LAWS(PVC)-1938-9-112

SHAIKH MOHAMMAD YAQUOOB ALLY Vs. CHHOTEY LAL MISTRI

Decided On September 13, 1938
SHAIKH MOHAMMAD YAQUOOB ALLY Appellant
V/S
CHHOTEY LAL MISTRI Respondents

JUDGEMENT

(1.) I stated the facts of this ease when it was argued before me on 10 January last, and a remand was obtained by the appellant on two points. The first of these points was whether the evidence of the plaintiffs witnesses as regards plain, tiffs purchase from Mevi establishes or points to delivery of the property by Mevi to Chhotey Lal. The lower Appellate Court has answered the point by saying that there is admittedly no evidence on the record that Mevi delivered possession to Chhotey Lal at the time of or soon after the oral sale, but that the evidence adduced by the plaintiffs points to delivery of the property by Mevi to Chhotey Lal. This is a finding of fact which is conclusive against the appellant, for under Section 54, T.P. Act, tangible immovable property of a value of less than Rs. 100 can be sold either by a registered instrument or by a delivery, of the property. In the present case the appellant's story was that the judgment-debtor Mevi, from whom he purchased the disputed house in the execution sale, had purchased Chhotey's half of the house for Rs. 40, while the plaintiffs case was (and they include Chhotey and his sons) that Chhotey had purchased Mevi's half of the house for Rs. 75.
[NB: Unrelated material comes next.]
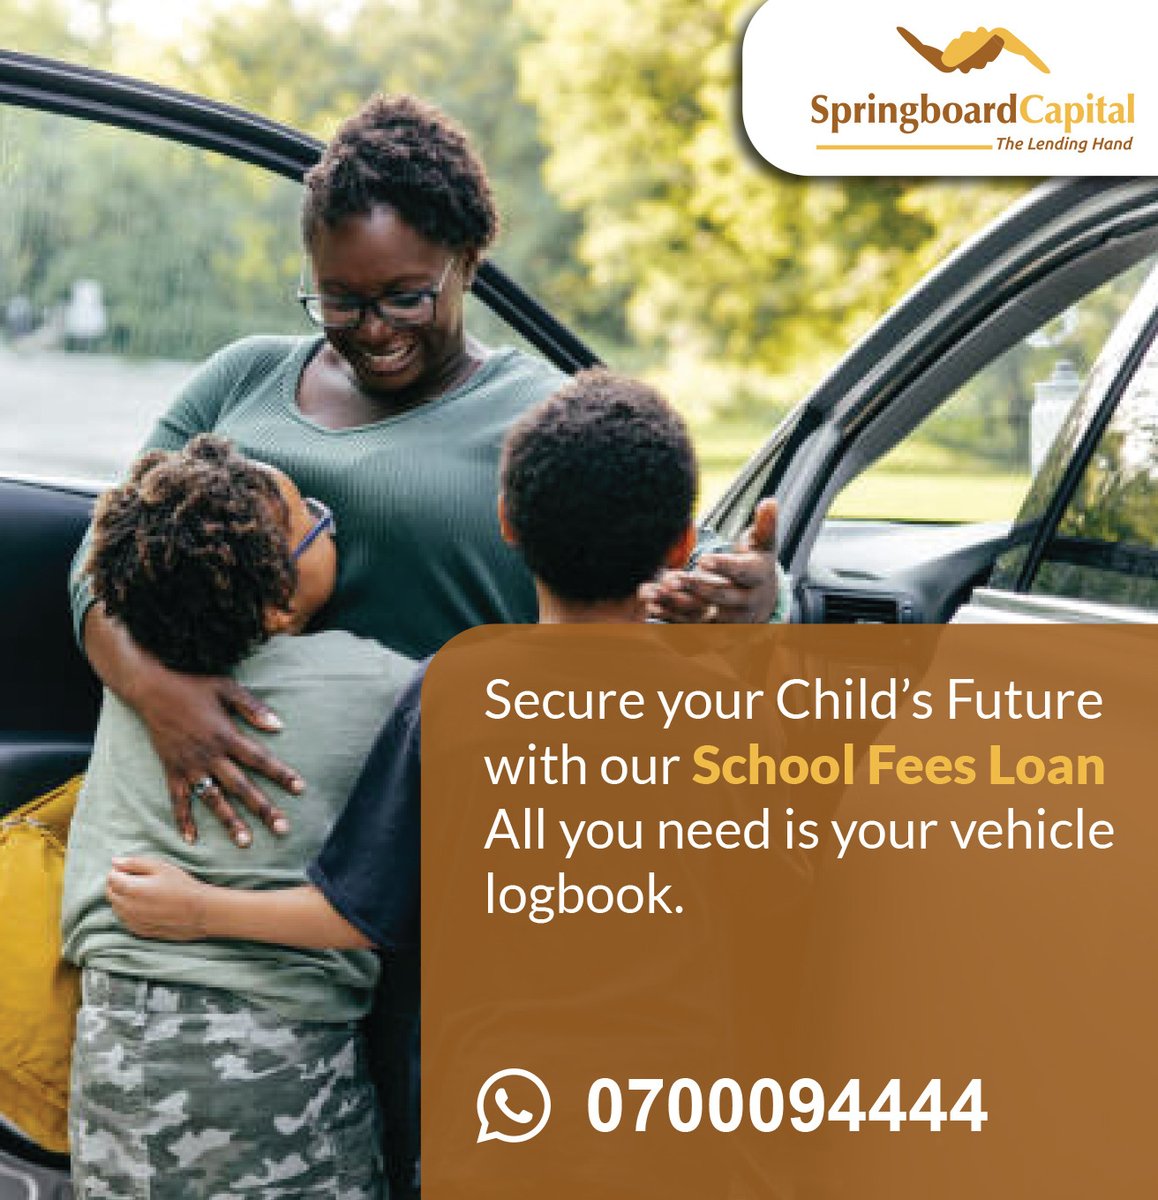 It's Back to School Season!📚Stressed about school fees? Worry not for we've got your back. Apply for the School Fees Loan today and secure your child's future. Visit our website: springboardcapital.co.ke/school-fees-lo… or Call/WhatsApp 0700094444 to Appy. #SBC #TheLendingHand #SchoolFeesLoan

(2.) Neither of the sales was supported by any registered sale-deed. Both were said to be oral sales supported by unregistered documents, and the sale relied on by the plaintiffs was dated 1918, while that relied on by the appellant seems to have been nine or ten years later. The learned advocate for the appellant has argued that the finding of the lower Appellate Court regarding the inferential deli, very of property should not be accepted. That finding rests on evidence which has been specified and is an inference of fact from the evidence set out. The learned advocate has not been able to show that the inference is impossible in law, and unless an appellant can do that, such findings of fact are binding in second appeal.

(3.) The learned advocate suggested that a sale effected by an unregistered document unaccompanied by a contemporaneous delivery of possession was no sale at all. But for this proposition he was not able to cite any authority. The sale- deed being unregistered will, of course, not operate to transfer the title; but I do not see why, if such a sale deed is executed today in respect of an immovable property worth not more than Rs. 100 and the property is delivered to the purchaser some days after this in pursuance of the sale deed, which would have taken no effect by itself, the sale should not stand. The finding of the lower Appellate Court comes to this that there is no direct evidence of delivery of possession at the time of the sale or soon after it but that there is evidence at the same time, which has been accepted by the lower Appellate Court, that after the sale, which must mean the attempted sale by means of the unregistered sale deed, the plaintiffs got exclusive possession over the house and the vendor left the village and had no concern with or possession over the house, circumstances from which delivery of possession at some undetermined time after the execution of the sale deed may legitimately be inferred. It is not as if the sale, on which the appellant relies, came so shortly after the plaintiffs sale as to make it at all material that the exact time when Mevi's purchaser got into possession under that transaction is undetermined. The learned advocate referred to Makhan Lal v. Bunka Behari Ghose (1892) 19 Cal. 623.. But that was a case of an admitted sale by means of an unregistered instrument unaccompanied by possession. It was held that the transfer or sale was inoperative, and so it conferred no title on the vendee. But this is of no help to the appellant when it has been found as a fact that an unregistered instrument was executed in favour of Chhotey Lal and was followed though some time afterwards, by delivery of possession; appellants purchase in execution came years after.